Distance metric for finding nearest neighbors. Available metric metric=”euclidean”, metric=”cosine” , metric=”dotsim”

Paramm agg

How to aggregate the neighbors’ variables. Setting aggregation=’mode’ uses the most frequent label, =’mean’ uses the mean as the predicted variable.

Returns

dict object {“k”, “score”}, where k is the number of neighbors, and score is the prediction score.

Return type

dict

emlens.metrics.find_mutual_edges(r, c, v=None)

emlens.metrics.find_nearest_neighbors(target, emb, k=5, metric='euclidean', gpu_id=None, exact=True)

Find the nearest neighbors for each point.

Parameters

emb (numpy.ndarray (num_entities, dim)) – vectors for the points for which we find the nearest neighbors
emb – vectors for the points from which we find the nearest neighbors.
k (int, optional) – Number of nearest neighbors, defaults to 5

Paramm metric

Distance metric for finding nearest neighbors.

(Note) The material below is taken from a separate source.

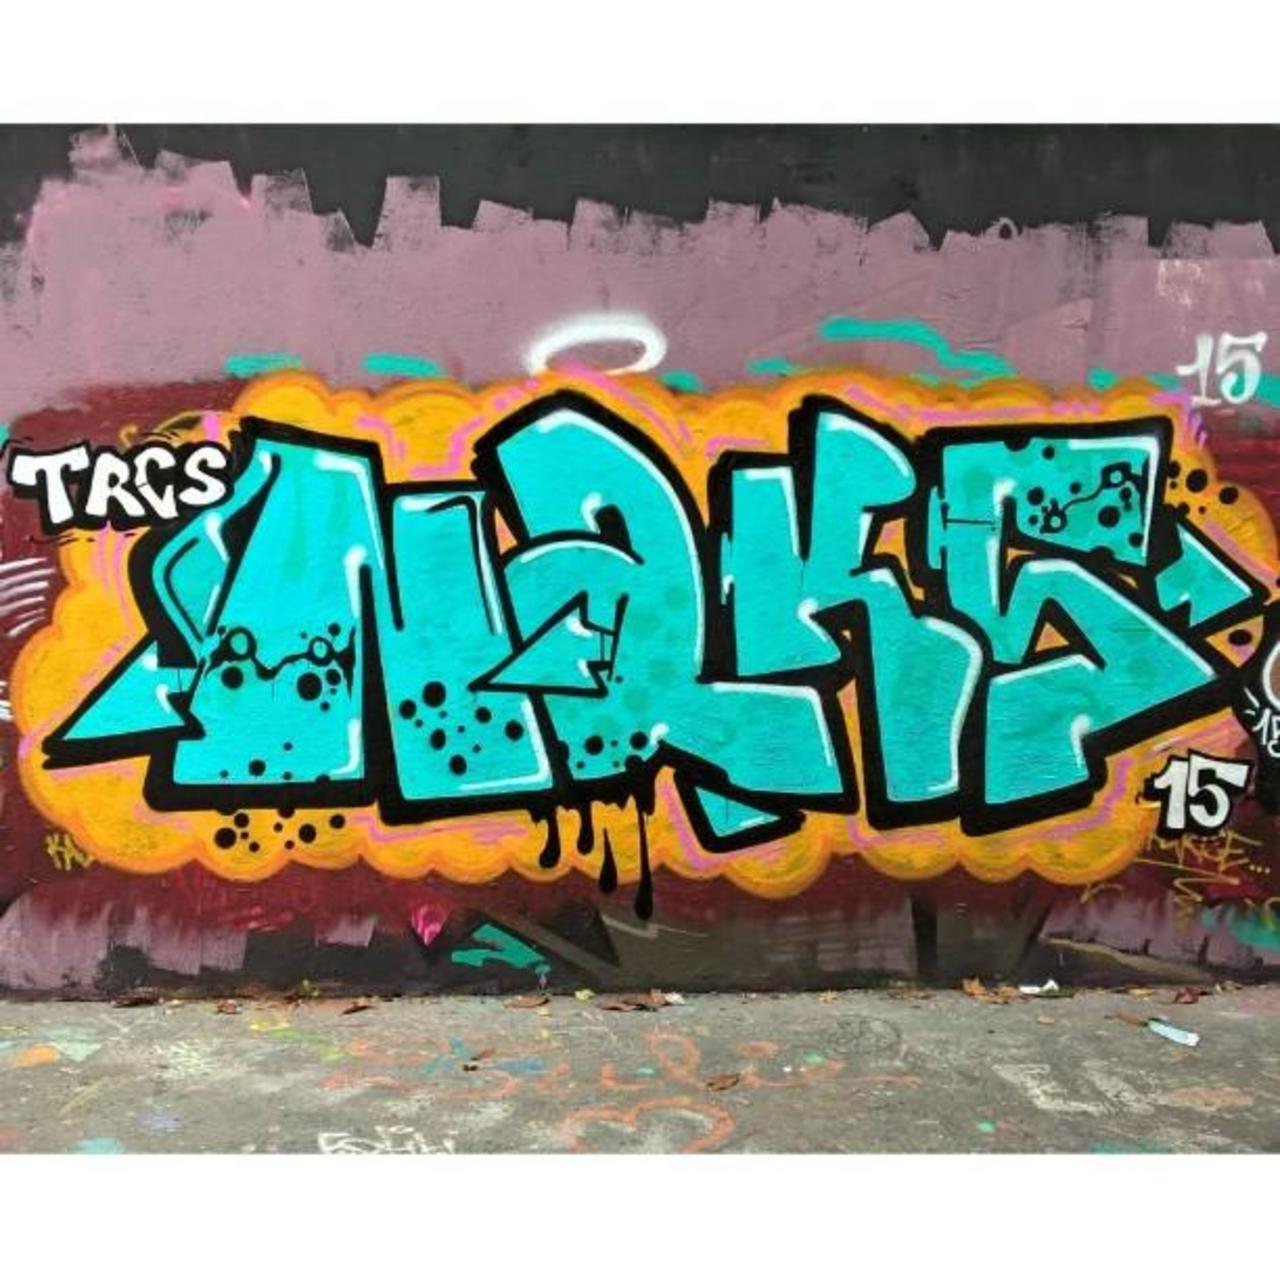 NAKS
#streetart #graffiti #graff #art #fatcap #bombing #sprayart #spraycanart #wallart #handstyle #lettering #urban… http://t.co/gy7lf9nNGy

Available metric metric=”euclidean”, metric=”cosine” , metric=”dotsim”

Returns

IDs of emb (indices), and similarity (distances)

Return type

indices (numpy.ndarray), distances (numpy.ndarray)

>>> import emlens
>>> import numpy as np
>>> emb = np.random.randn(100, 20)
>>> target = np.random.randn(10, 20)
>>> A = emlens.find_nearest_neighbors(target, emb, k = 10)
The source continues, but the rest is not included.